- Release poster
- Genre: Legal Comedy drama
- Written by: Amit Khan; Deeptak Das;
- Directed by: Abhirup Ghosh
- Starring: Adah Sharma; Rahul Dev; Manik Papneja; Ankur Rathee;
- Country of origin: India
- Original language: Hindi
- No. of episodes: 20

Production
- Producers: Rajeshwar Nair; Krishnan Iyer;
- Running time: 17-27 minutes
- Production company: Keylight Productions

Original release
- Network: Disney+ Hotstar
- Release: 14 October 2024 – present

= Reeta Sanyal =

Reeta Sanyal is an Indian Hindi-language pulp legal thriller TV series directed by Abhirup Ghosh. The show is based on Amit Khan's series of crime thriller novels named Reeta Sanyal Ke Mukkadmein (translation: Reeta Sanyal's lawsuits). It was written and adapted for screen by Deeptak Das. Produced by Rajeshwar Nair and Krishnan Iyer under the banner Keylight Productions, it stars Adah Sharma, Rahul Dev, Manik Papneja and Ankur Rathee. The series premiered on 14 October 2024 on Disney+ Hotstar.

== Cast ==
- Adah Sharma as Reeta Sanyal
- Rahul Dev as M. Raj Thakral
- Manik Papneja as Ishan Dwivedi
- Ankur Rathee as Jai Vardhan
- Nirisha Basnett as Zi
- Surbhi Talodiya as Pari
- Mukesh Agrohari as Acid Anna

==Production==
The series was announced on Disney+ Hotstar by Keylight Productions. Hina Khan was considered for the role before it went to Adah Sharma. Principal photography of the series commenced in Mumbai. The trailer of the series was released on 4 October 2024.

== Reception ==
According to Ormax Media, which estimates audience views, Reeta Sanyal secured the second spot on the list of the most-watched streaming originals in India, with approx. 2.5 million views each week. Reeta Sanyal became the most-watched fictional series on OTT during its run.
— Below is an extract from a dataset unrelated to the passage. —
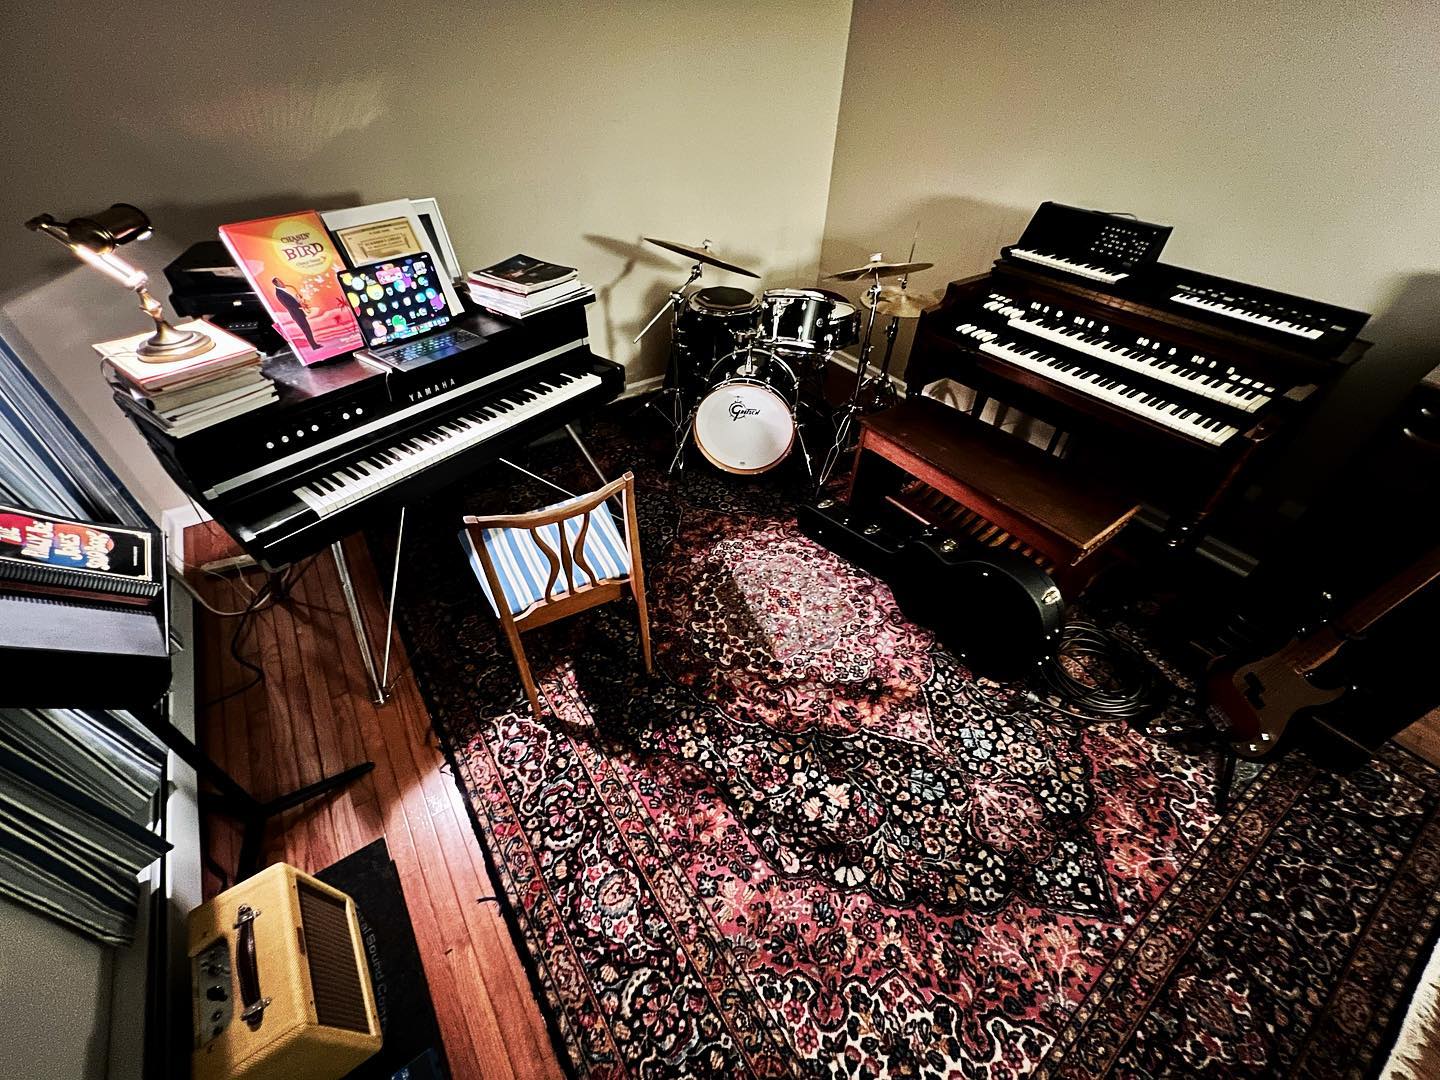 I did some rearranging today, and damn, is that Hammond B3 heavy! The Yamaha CP-70 piano isn’t skinny either.

Sarthak of Gurucool writes "What sets Reeta Sanyal apart from other thrillers is its ability to evoke genuine emotion while maintaining the suspenseful thrill". The Production and the lead performances were praised. Entertainment Portal Binged Bureau wrote "Adah Sharma is a perfect choice to play the titular character Reeta. Her portrayal makes the role more vulnerable and witty. She’s relatable and you end up rooting for her". Lipika Verma of Deccan Chronicle writes "Adah Sharma Shines in Reeta Sanyal, embraces diverse roles".